COLLECTED MATERIAL

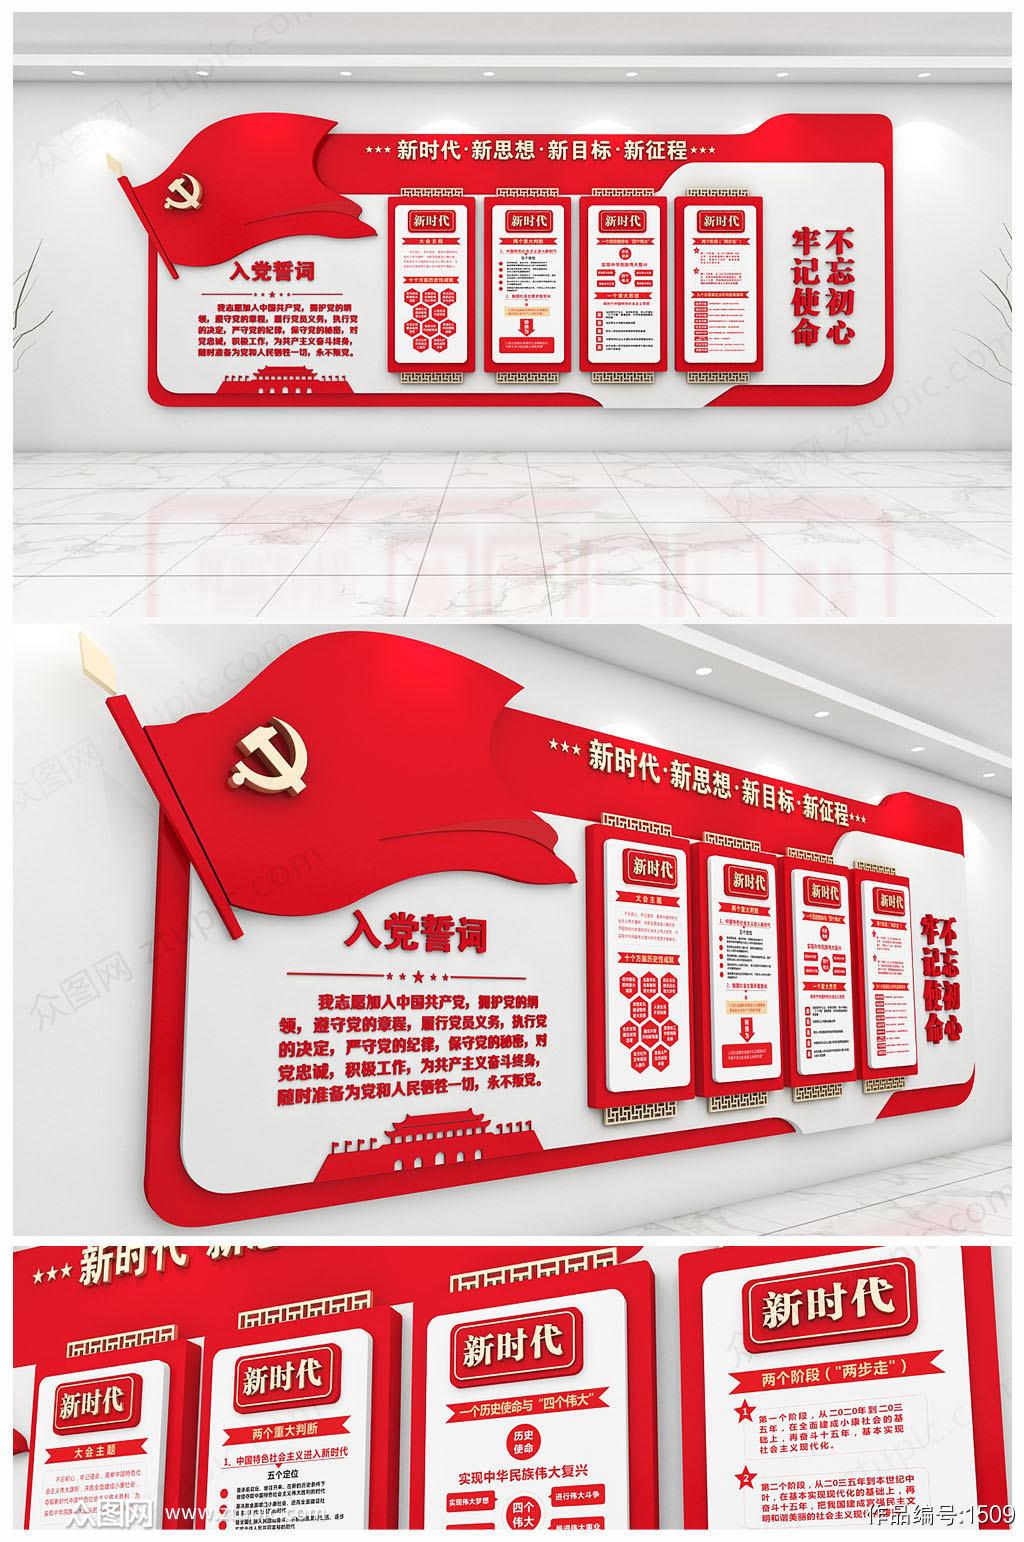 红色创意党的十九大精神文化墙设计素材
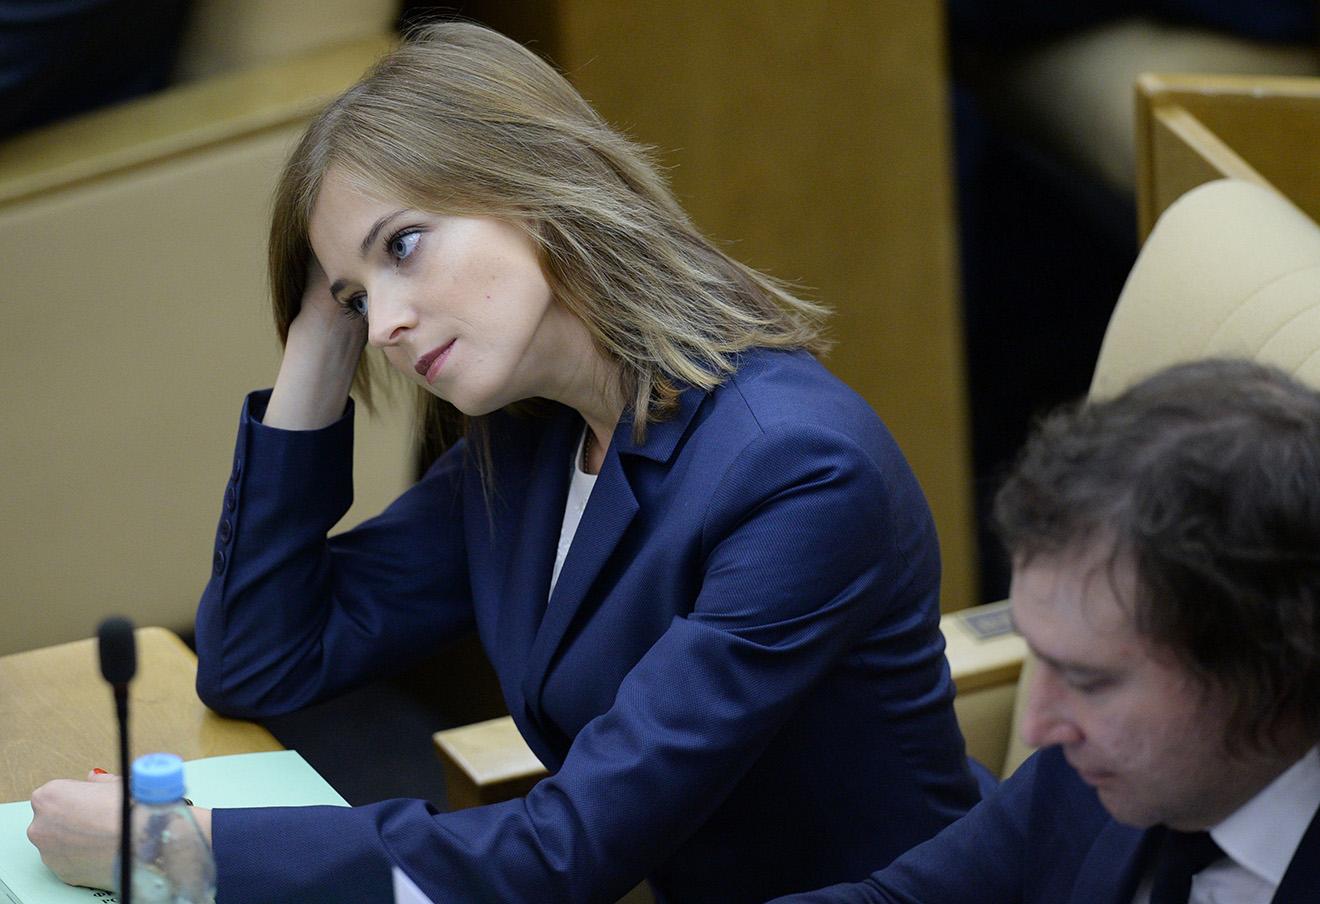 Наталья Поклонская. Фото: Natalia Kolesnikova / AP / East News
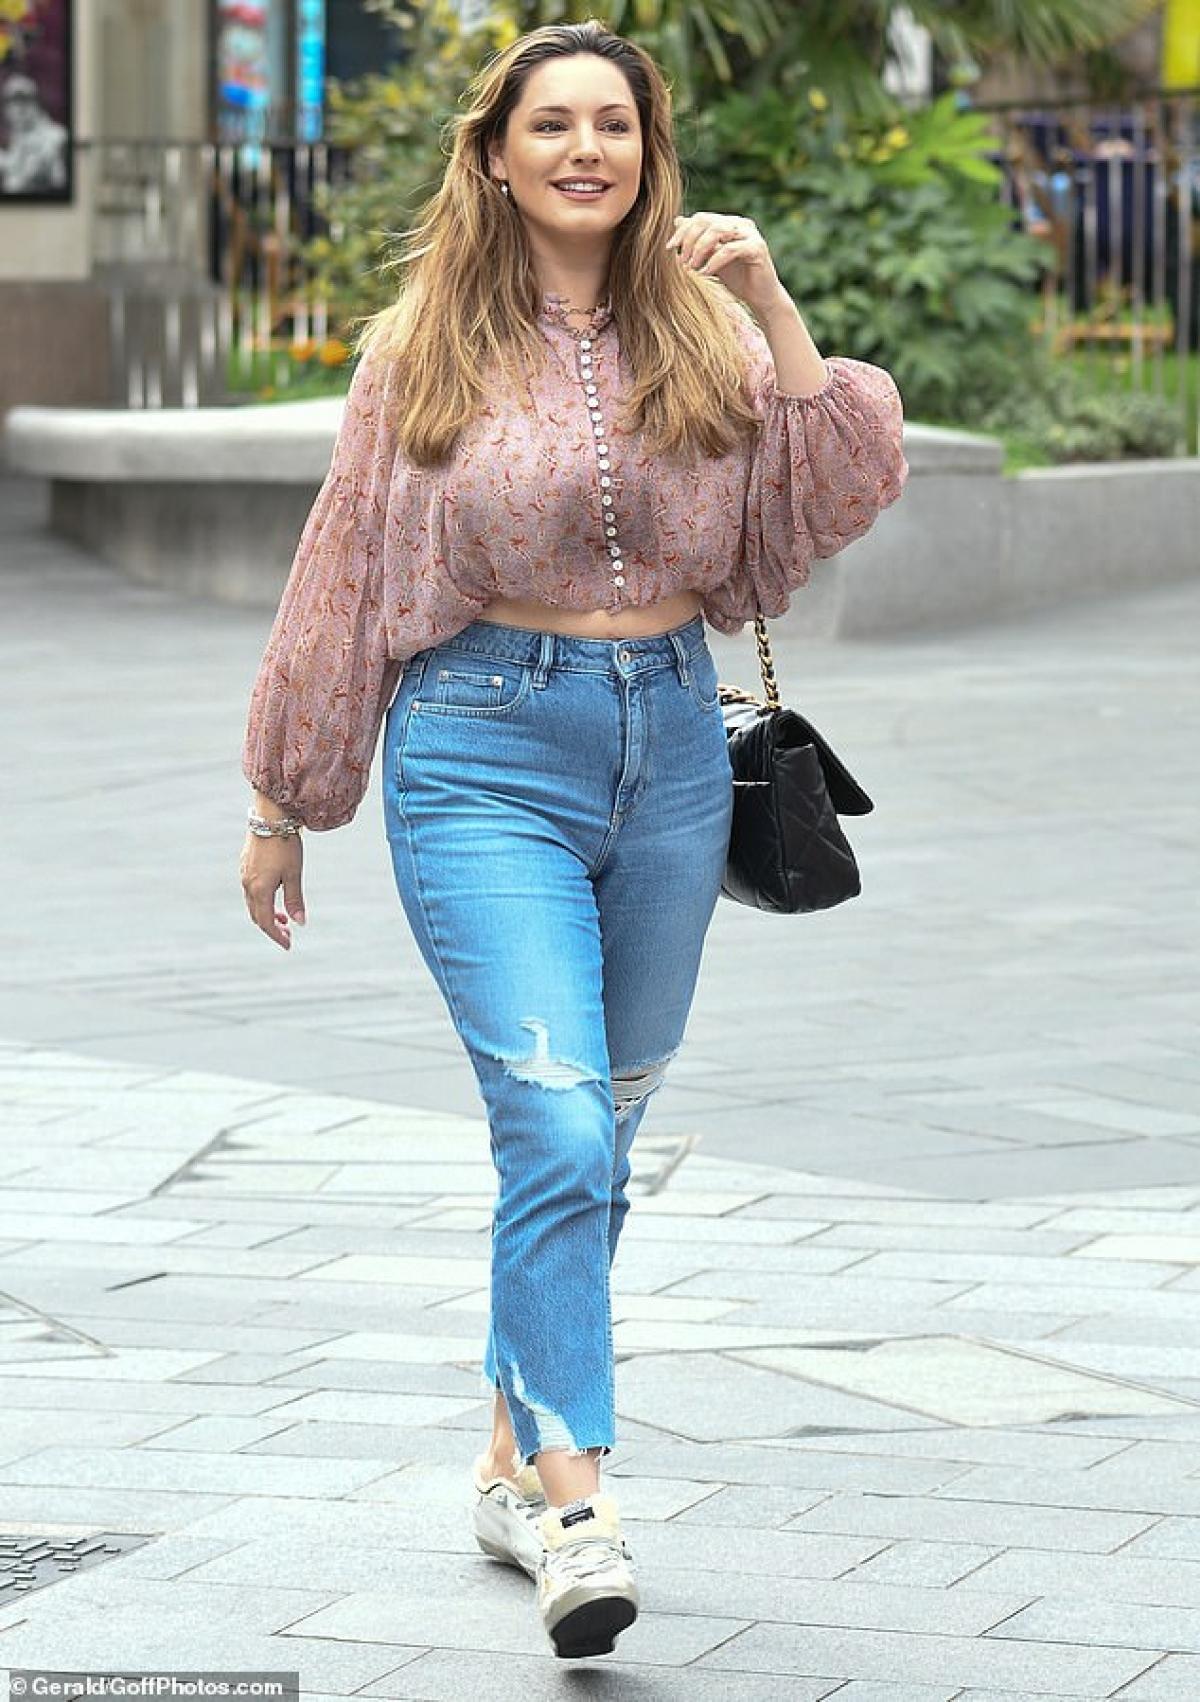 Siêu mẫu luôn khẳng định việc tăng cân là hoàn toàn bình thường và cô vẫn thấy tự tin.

TASK STATEMENT
An exact copy of every line above, minus the pictures, is the required output.

ANSWER BOX
 红色创意党的十九大精神文化墙设计素材
 Наталья Поклонская. Фото: Natalia Kolesnikova / AP / East News
 Siêu mẫu luôn khẳng định việc tăng cân là hoàn toàn bình thường và cô vẫn thấy tự tin.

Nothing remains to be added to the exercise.